Yahya Sinwar re-elected leader of Hamas in the Gaza Strip | Gaza News

Yahya Sinwar has been re-elected to head Hamas’s political wing in the Gaza Strip for a second four-year term, according to officials of the group ruling the besieged enclave.

His re-election on Wednesday comes ahead of the May 22 Palestinian legislative ballot, the first Palestinian vote in 15 years.

Ismail Haniya, head of Hamas’s political bureau and general leader, congratulated Sinwar in a statement.

“The movement’s commitment to [internal] elections every four years confirm our deep faith in the principle of the power of rotation, ”he said. “Today, the Hamas movement has made a milestone in its history and chooses its leaders in Gaza in a way that reflects authenticity and strong legitimacy.”

The Palestinian Maan News Agency quoted a Hamas source as saying that Sinwar won 167 out of 320 votes in the Gaza Shura Council.

Bassem Naim, a senior Hamas official, confirmed that Sinwar repelled a challenge from Nizar Awadallah, one of the founders of Hamas.

For his part, Awadallah stressed his support for Sinwar, saying in a statement, “We stand by his side in all positions to achieve the goals of our project and our movement.”

Sinwar is a former member of the armed wing of the group who spent more than 20 years in an Israeli prison after being convicted of kidnapping and killing two Israeli soldiers. He was released during a prisoner exchange in 2011.

“Sinwar’s victory shows that the man maintains a strong grip on things inside the movement, especially in its vital components such as the military wing,” Gaza political analyst Adnan Abu Amer said.

“The victory will allow Sinwar to pursue his policies, whether inside Gaza or with countries in the region, and to manage the conflict with Israel.”

Hamas took control of the Gaza Strip in 2007, a year after defeating Fatah, the party of Palestinian Authority (PA) President Mahmoud Abbas, in an election. Since then, Israel has imposed a land, air and naval blockade, aided by neighboring Egypt. He also launched three offensives against the Gaza Strip, and there have been many outbreaks.

Hamas remained in power despite the crippling blockade, which devastated Gaza’s infrastructure and economy. Some two million people live in the overcrowded enclave, which now faces a spike in coronavirus infections.

Declining economy

The political wing has closer ties to Qatar and Turkey and tends to be more pragmatic in its dealings with Israel. The military wing has closer ties to Iran and favors a more confrontational approach towards Israel.

After taking office in 2017, Sinwar encouraged mass protests along the fence that separates Gaza from Israel as an alternative to his traditional tool of rocket fire at Israel.

The protests – called the Great March of Return – aimed to draw attention to Gaza’s poor living conditions and ease Israel’s blockade. Since the start of the rallies, hundreds of Palestinians have been killed and more than 30,000 injured by Israeli forces in the fenced areas around Gaza.

The protests failed in 2019 as part of an unofficial truce in which Qatar provided tens of millions of dollars to Hamas for employee salaries, aid projects and cash payments to poor families in return. calm down.

Sinwar was not afraid to push for a tougher confrontation. Last year, he threatened to go into action if Israel did not allow respirators and other medical aids to impoverished territory to fight the spread of the coronavirus.

“If we find this crown[virus] patients in Gaza [are] unable to breathe, we will prevent six million Zionists from breathing and we will get what we want from you by force, ”he said at the time.

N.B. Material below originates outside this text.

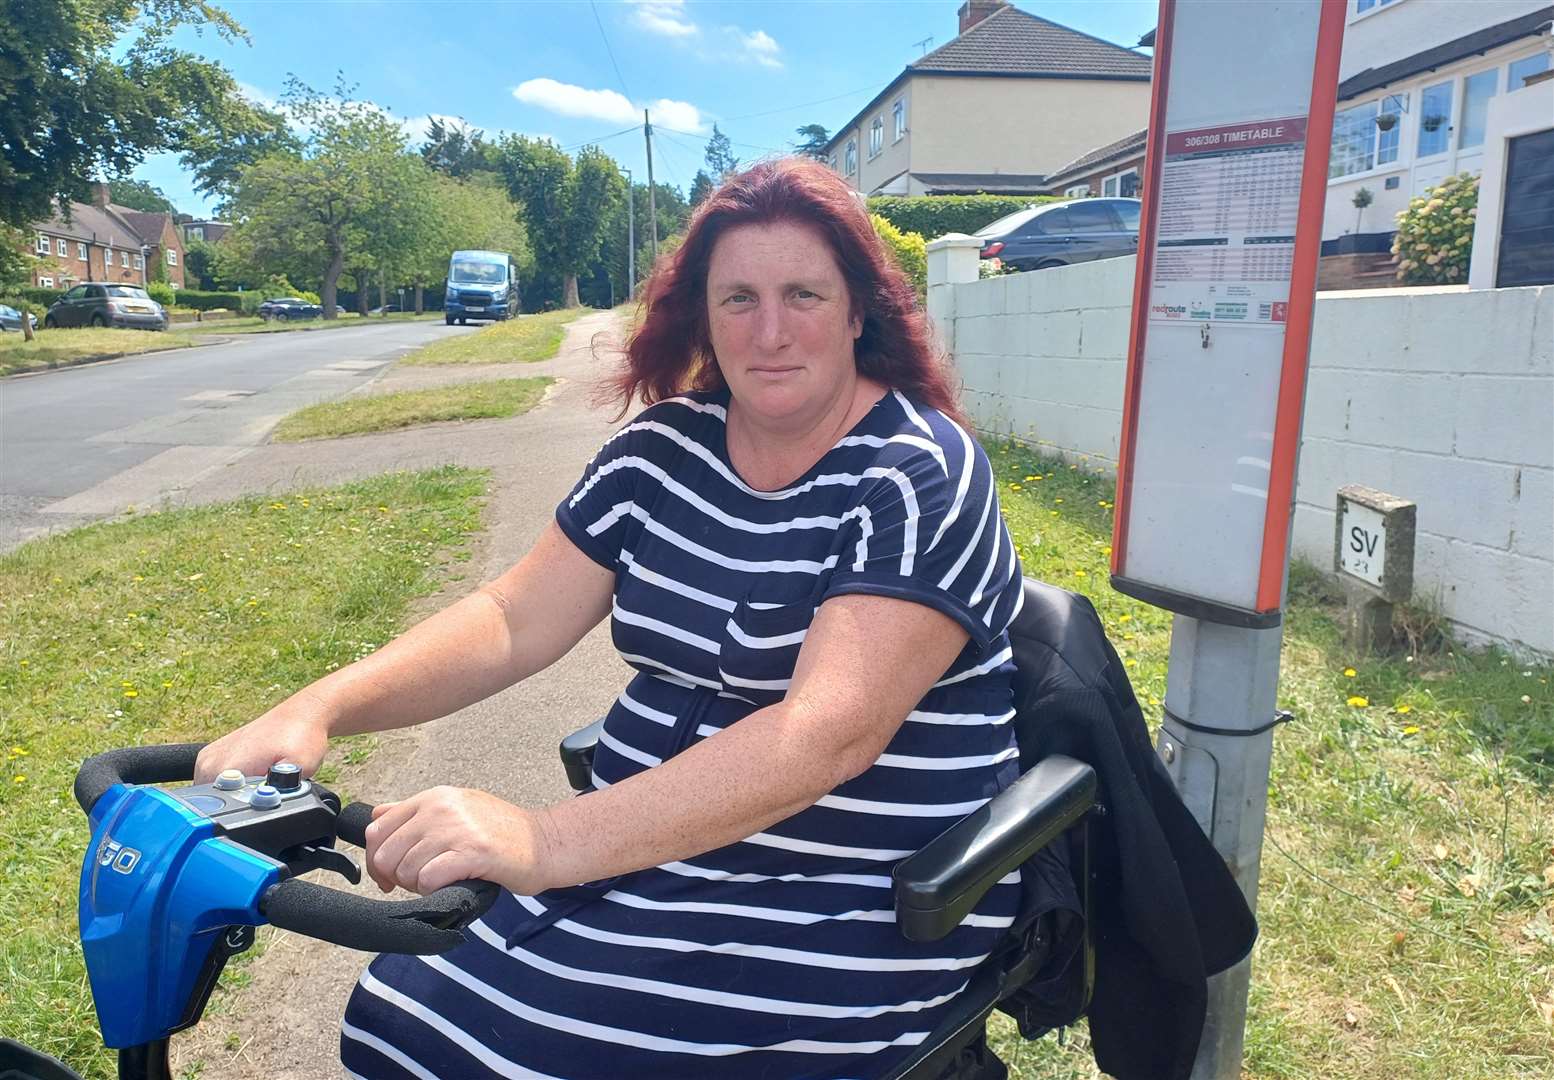 Amanda King from Sevenoaks says she was refused entry on a Go Coach bus while on her mobility scooter

Sinwar also helped improve strained relations with neighboring Egypt. He stepped up security along Gaza’s border with northern Sinai to aid the Egyptian military there, where it faced an armed campaign by local ISIS allies (ISIS).

The measures helped calm the situation in northern Sinai and, as a result, Egypt opened a passage for goods such as fuel and tobacco to enter Gaza. It has also increasingly regularly opened the Rafah border post, Gaza’s main gateway to the outside world.